16.Finally, on the issue of the general damages awarded to the 1st and 2nd respondents, it was submitted that the damages were inordinately high, excessive and punitive; and that the damages ought to have been compensatory and not punitive as held in Gitobu Imanyara and 2 Others v Attorney General [2016] eKLR. See also Miti Breweries & Distillers Co Ltd v Attorney General and 2 others [2018] eKLR.
17.On his part, Mr Odongo for the Attorney General and the Kenya Forest Service substantially supported the appellants’ submissions. He submitted that under the Fourth Schedule of the Constitution, County Governments are vested with powers to deal with conservation of forests. This power is reiterated under section 21 of the Forest Conservation and Management Act, 2015. It was submitted that in order to conserve forests, County Governments are required to enact legislation under Article 185(2) so as to give effect to the conservation function. According to Mr. Odongo, it is upon this basis that the appellants enacted the impugned legislation which was said to align properly with Article 209(4) of the Constitution. In sum, he submitted that the appellants were justified in enacting the impugned legislation.
18.Mr Kibe highlighted the 1st and 2nd respondent’s written submissions dated June 11, 2021. He submitted that the 1st and 2nd respondents were duly licensed by the Kenya Forest Service, (the 4th respondent), to harvest forest produce from State forests pursuant to the latter’s mandate under section 4 of the Forest Act, 2015. It was submitted that pursuant to the provisions of Article 62(3) of the Constitution and section 2 of the Forest Act, 2015, State forests are vested in the National Government and not County Governments and it is the 4th respondent who had the mandate to collect all revenue and charges due to the National Government in regard to forest resources, produce and services.
19.Counsel further submitted that the appellants lacked legal framework for imposing taxes on forest exploitation in the absence of an enabling Act of Parliament. Additionally, that contrary to the allegation that the levied cess was to be utilized by the 1st appellant to maintain roads on which the 1st and 2nd respondents transport the forest produce, the 1st appellant did not avail any evidence to show that it indeed maintains any of those roads as alleged.
20.Regarding the damages that were awarded for breach of the 1st and 2nd respondents’ constitutional rights, Mr Kibe submitted that the learned judge awarded Kshs 1,000,000/= for each breach of constitutional right, which is not excessive, considering that their two trucks and trailers were unlawfully detained for a considerably long period of time. He urged the Court not to disturb the award.
21.In sum, the 1st and 2nd respondents submitted that the learned judge made a sound interpretation of the provisions of Articles 209 and 210 of the Constitution and therefore there was no basis whatsoever for overturning the trial court’s decision.
22.The mandate of this Court in a first appeal is to re-appraise the evidence that was before the trial court as well as the judgment and arrive at its own independent decision. See Selle v Associated Motor Boat Company Limited [1968] EA 123; Kenya Ports Authority v Kuston (K) Limited [2009] 2 EA 212.

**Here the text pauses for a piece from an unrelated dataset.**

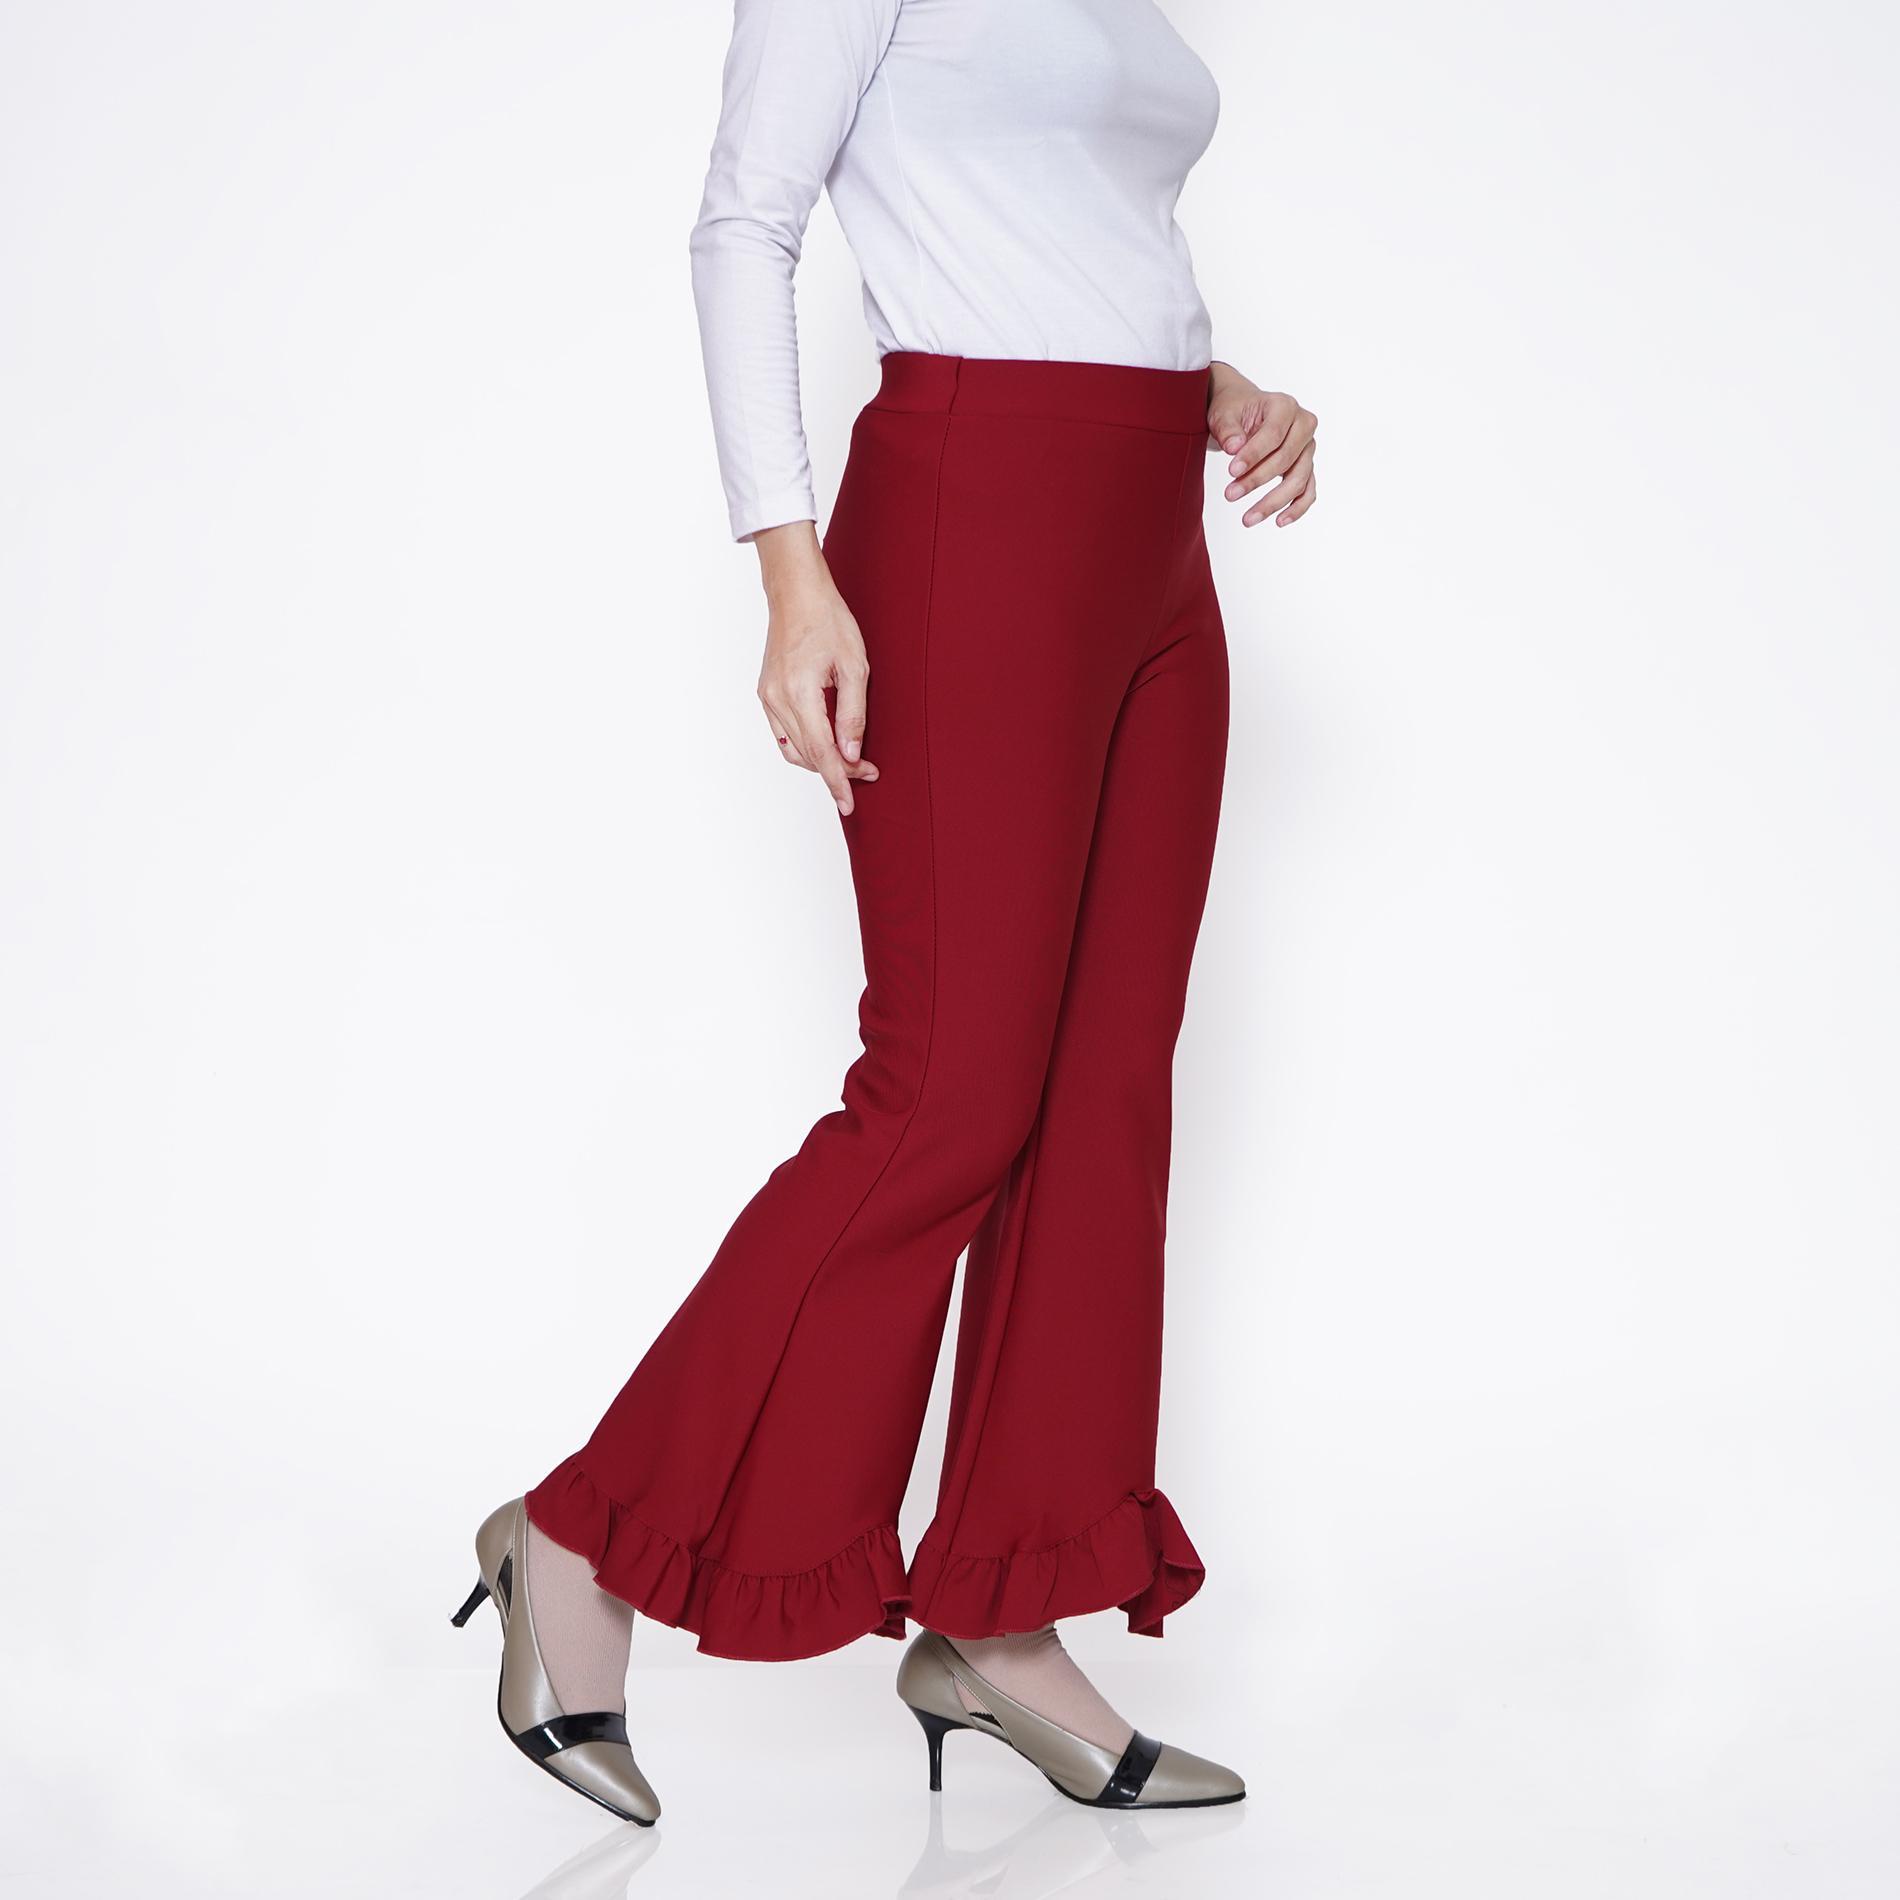 haymeestore celana haigwaist cutbray office pants import bawahan cutbrai wanita celana premium scuba cewek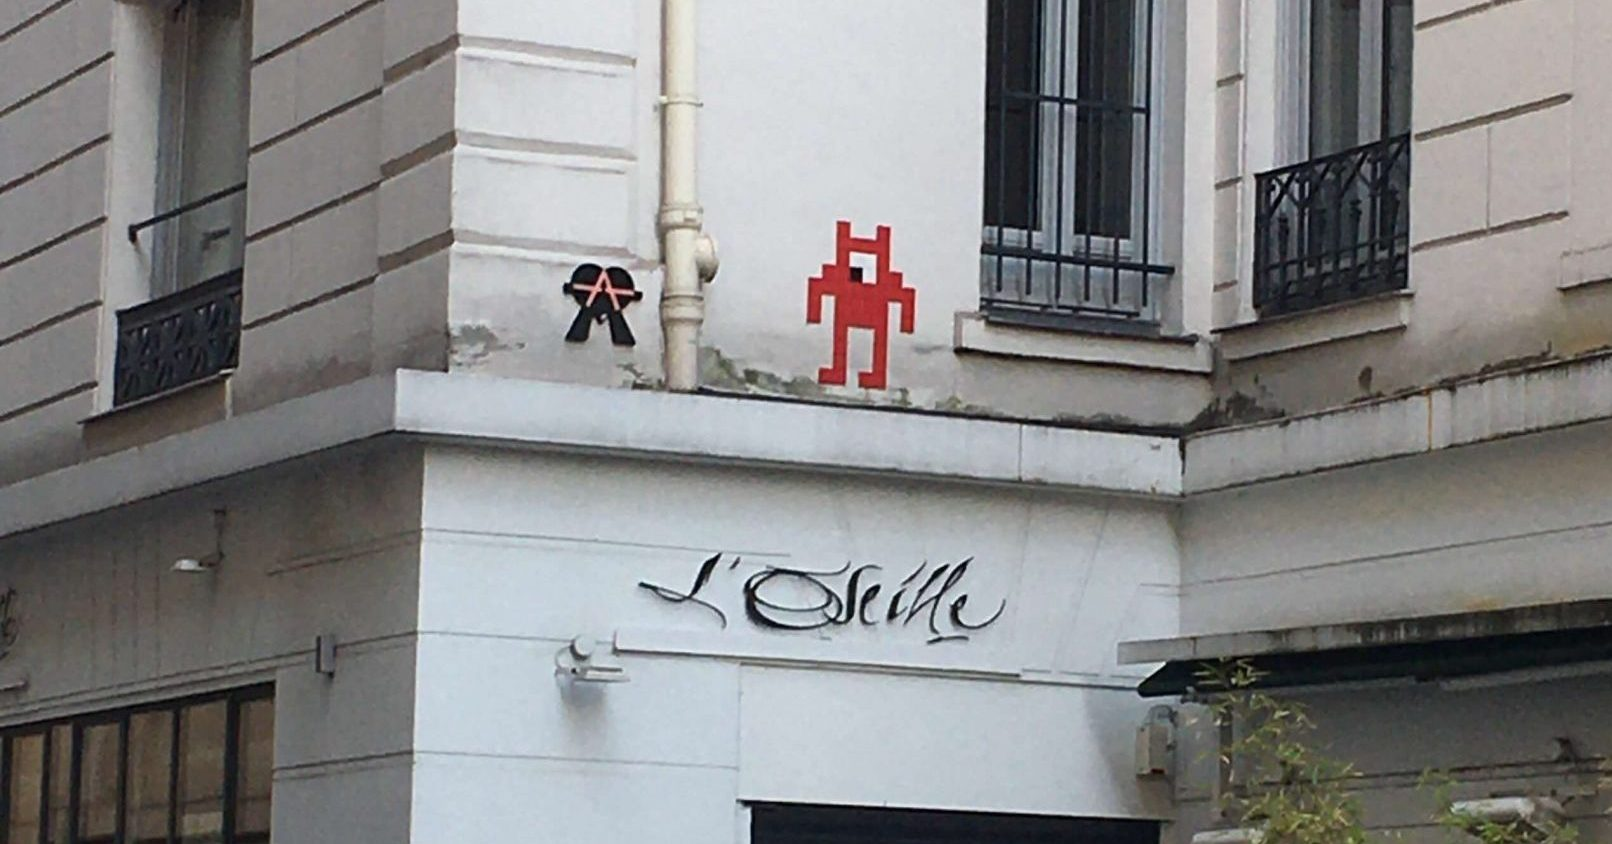 space invader street art in Paris

23.In this appeal, there are three main issues that commend themselves to us for determination. The first issue relates to the constitutionality of the Baringo County Finance Act, 2015 and more specifically section 10 of the Second Schedule thereof. The second issue is the authority and/or power (if any) that is bestowed upon County Governments to levy cess on forest produce from forests within their areas of jurisdiction and which are owned by the State. The third one relates to the award of damages for violation of constitutional rights.
24.Article 186 of the Constitution as read together with the Fourth Schedule of the Constitution delineates the different functions and powers between the National and County Governments. Article 186(3) specifically provides that: 'a function or power not assigned by the Constitution or national legislation to a county is a function or power of the national government.' What this means therefore is that a County Government cannot either assign or arrogate to itself any functions or powers beyond those assigned to it under the Constitution or national legislation as enacted by Parliament from time to time.
25.The Constitution in the Fourth Schedule assigns the National Government the function of 'protection of the environment and natural resources with a view to establishing a durable and sustainable system of development' Under the same Schedule, the County Governments are assigned the function of implementation of specific national government policies on natural resources and environment conservation including soil and water conservation and forests.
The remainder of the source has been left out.